The status path accepts IN_enc_stat and IN_enc_valid directly from the encoder FSM.
ctrl_npu_interface.sv is currently a placeholder for future per-core interface
aggregation.
AXIL_CMD_IN #(
.FIFO_DEPTH(8)
) u_cmd_in (
.clk (clk),
.rst_n (rst_n),
.IN_clear(IN_clear), // FIXED: Typo i_clear -> IN_clear
// AXI4-Lite Write channels directly routed from the interface
.s_awaddr (S_AXIL_CTRL.awaddr),
.s_awvalid(S_AXIL_CTRL.awvalid),
.s_awready(S_AXIL_CTRL.awready),
.s_wdata (S_AXIL_CTRL.wdata),
.s_wvalid (S_AXIL_CTRL.wvalid),
.s_wready (S_AXIL_CTRL.wready),
.s_bresp (S_AXIL_CTRL.bresp),
.s_bvalid (S_AXIL_CTRL.bvalid),
.s_bready (S_AXIL_CTRL.bready),
.OUT_data(cmd_data),
.OUT_valid(cmd_valid),
.IN_decoder_ready(IN_fetch_ready)
);
/*─────────────────────────────────────────────
[1-2] Communication OUT : NPU -> CPU (Using Read Channels)
───────────────────────────────────────────────*/
AXIL_STAT_OUT #(
.FIFO_DEPTH(8)
) u_stat_out (
.clk (clk),
.rst_n (rst_n),
.IN_clear(IN_clear), // FIXED: Typo i_clear -> IN_clear
.IN_data (IN_enc_stat), // FIXED: Typo i_enc_stat -> IN_enc_stat
.IN_valid(IN_enc_valid), // FIXED: Typo i_enc_valid -> IN_enc_valid
// AXI4-Lite Read channels directly routed from the interface
.s_araddr (S_AXIL_CTRL.araddr),
.s_arvalid(S_AXIL_CTRL.arvalid),
.s_arready(S_AXIL_CTRL.arready),
.s_rdata (S_AXIL_CTRL.rdata),
.s_rresp (S_AXIL_CTRL.rresp),
.s_rvalid (S_AXIL_CTRL.rvalid),
.s_rready (S_AXIL_CTRL.rready)
);
Interface Specification¶
npu_interfaces.svh defines two interfaces: axil_if and axis_if.
axil_if defaults to ADDR_W=12 and DATA_W=64, covering all five AXI-Lite channels
(AW, W, B, AR, R), with slave and master modports.
ctrl_npu_frontend binds the axil_if.slave modport.

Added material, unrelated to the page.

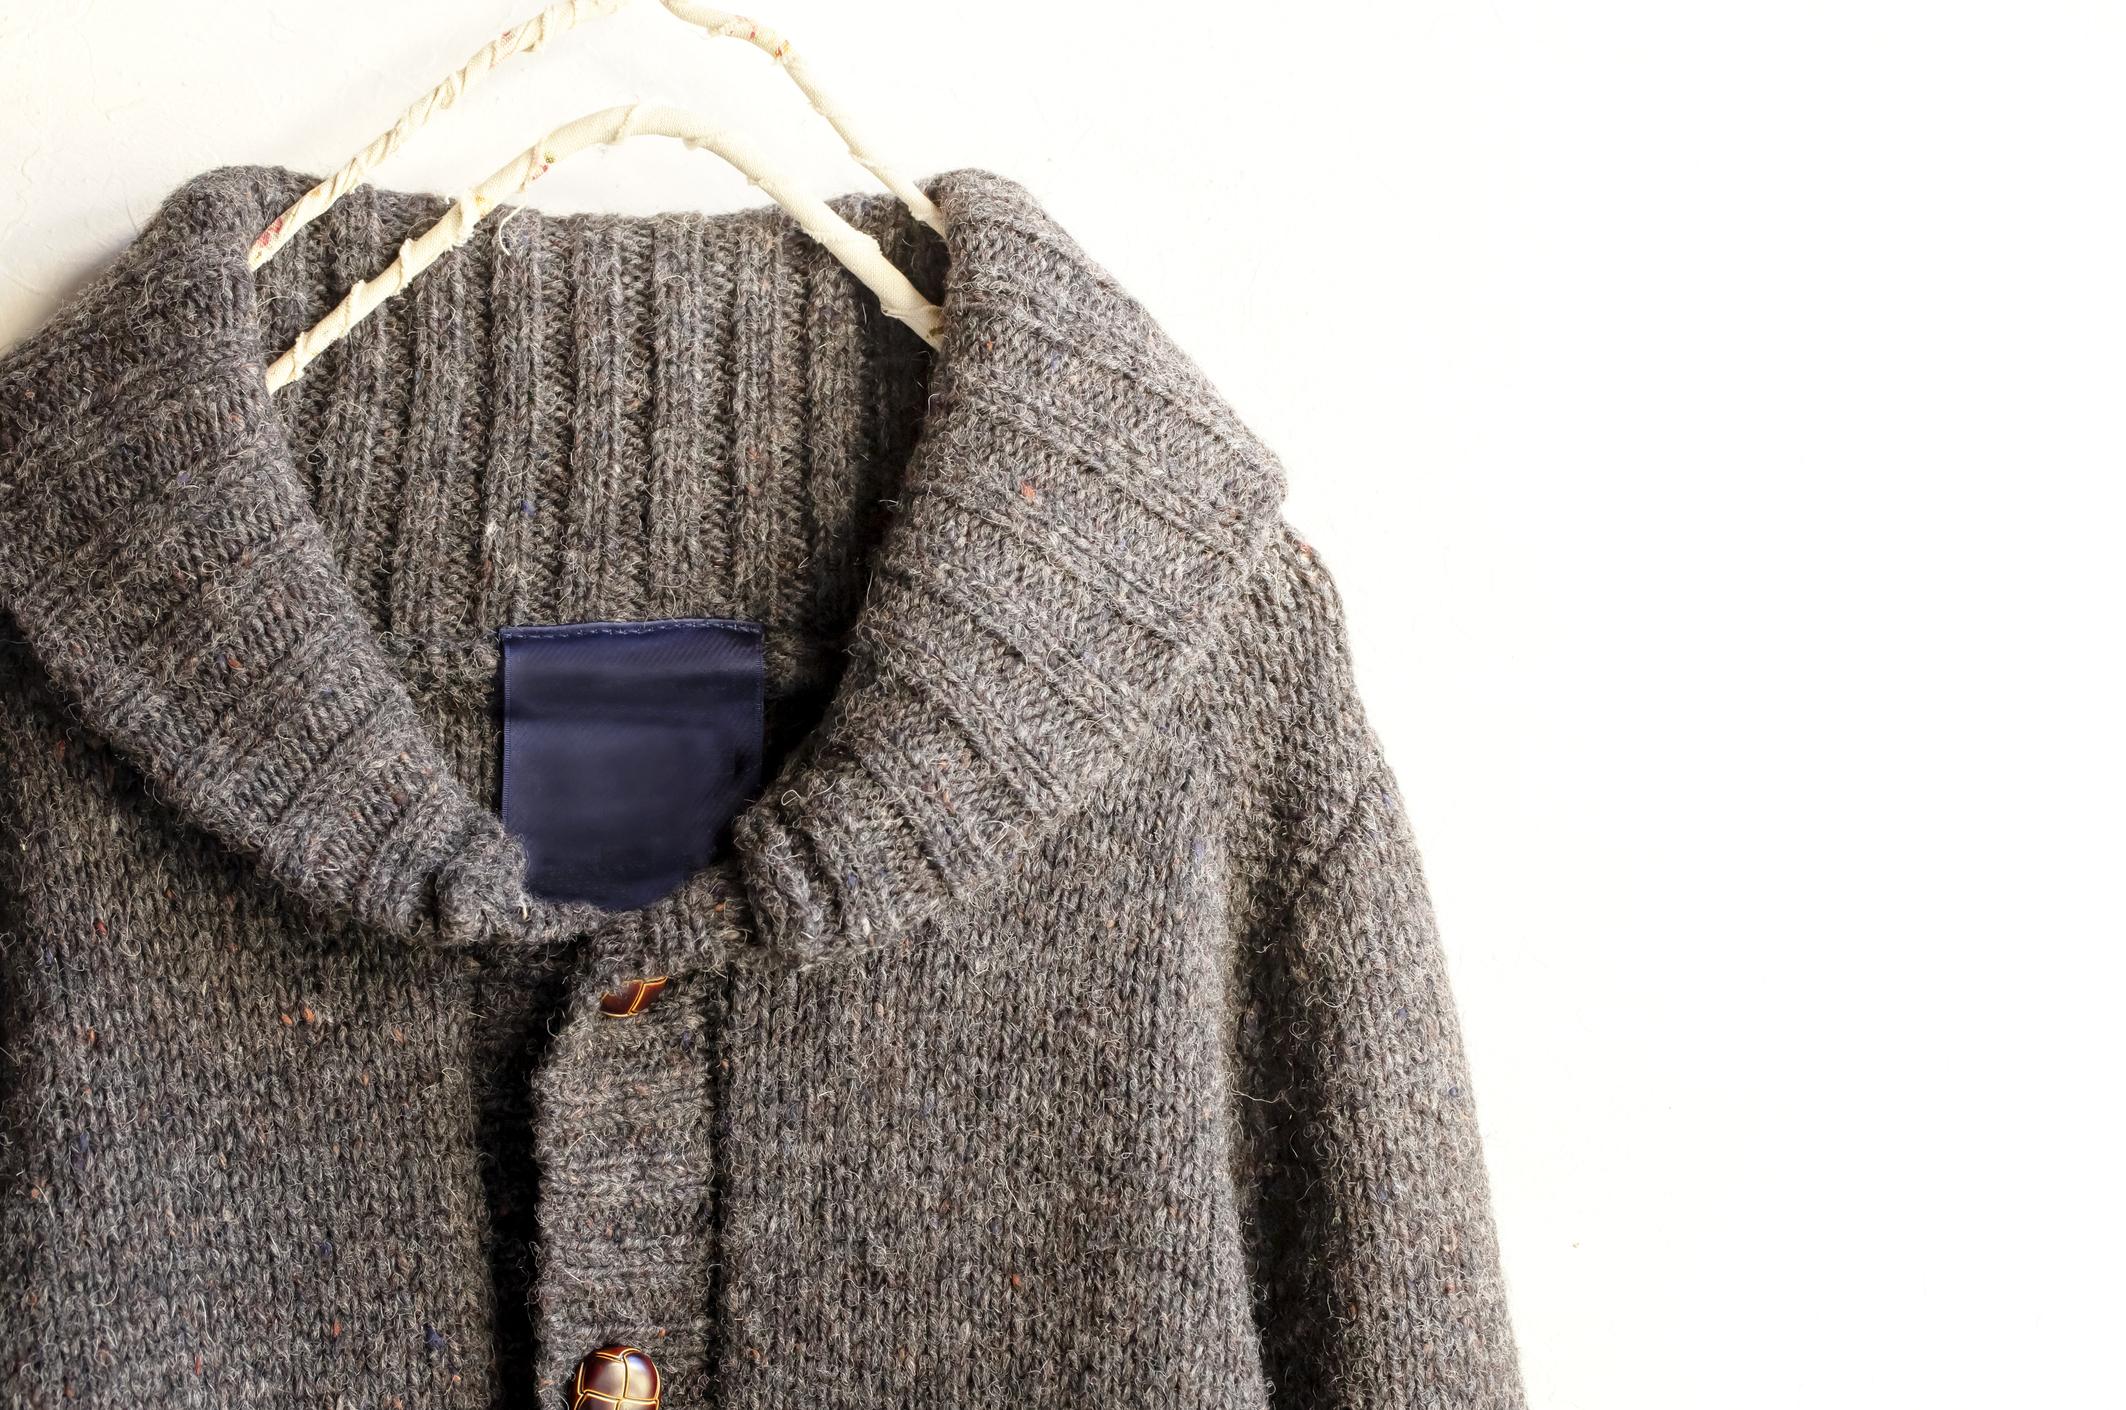 wool coat on a coat hanger

axis_if provides an AXI-Stream interface carrying tdata, tvalid, tready, tlast,
and tkeep; it is used by data-path modules that transfer activation and weight streams.
interface axis_if #(
parameter DATA_WIDTH = 128
) ();
logic [ DATA_WIDTH-1:0] tdata;
logic tvalid;
logic tready;
logic tlast;
logic [(DATA_WIDTH/8)-1:0] tkeep;
// Slave Side (NPU Perspective: Input)
modport slave(input tdata, tvalid, tlast, tkeep, output tready);
// Master Side (NPU Perspective: Output)
modport master(output tdata, tvalid, tlast, tkeep, input tready);
endinterface
// axil_if.sv
interface axil_if #(
parameter int ADDR_W = 12,
parameter int DATA_W = 64
) (
input logic clk,
input logic rst_n
);
// AW Channel
logic [ADDR_W-1:0] awaddr;
logic [ 2:0] awprot;
logic awvalid, awready;
// W Channel
logic [ DATA_W-1:0] wdata;
logic [(DATA_W/8)-1:0] wstrb;
logic wvalid, wready;
// B Channel
logic [1:0] bresp;
logic bvalid, bready;
// AR Channel
logic [ADDR_W-1:0] araddr;
logic [ 2:0] arprot;
logic arvalid, arready;
// R Channel
logic [DATA_W-1:0] rdata;
logic [ 1:0] rresp;
logic rvalid, rready;
modport slave(
input awaddr, awprot, awvalid, wdata, wstrb, wvalid, bready,
input araddr, arprot, arvalid, rready,
output awready, wready, bresp, bvalid, arready, rdata, rresp, rvalid
);
modport master(
output awaddr, awprot, awvalid, wdata, wstrb, wvalid, bready,
output araddr, arprot, arvalid, rready,
input awready, wready, bresp, bvalid, arready, rdata, rresp, rvalid
);
endinterface
Last verified against
Commit 8c09e5e @ pccxai/pccx-FPGA-NPU-LLM-kv260 (2026-04-29).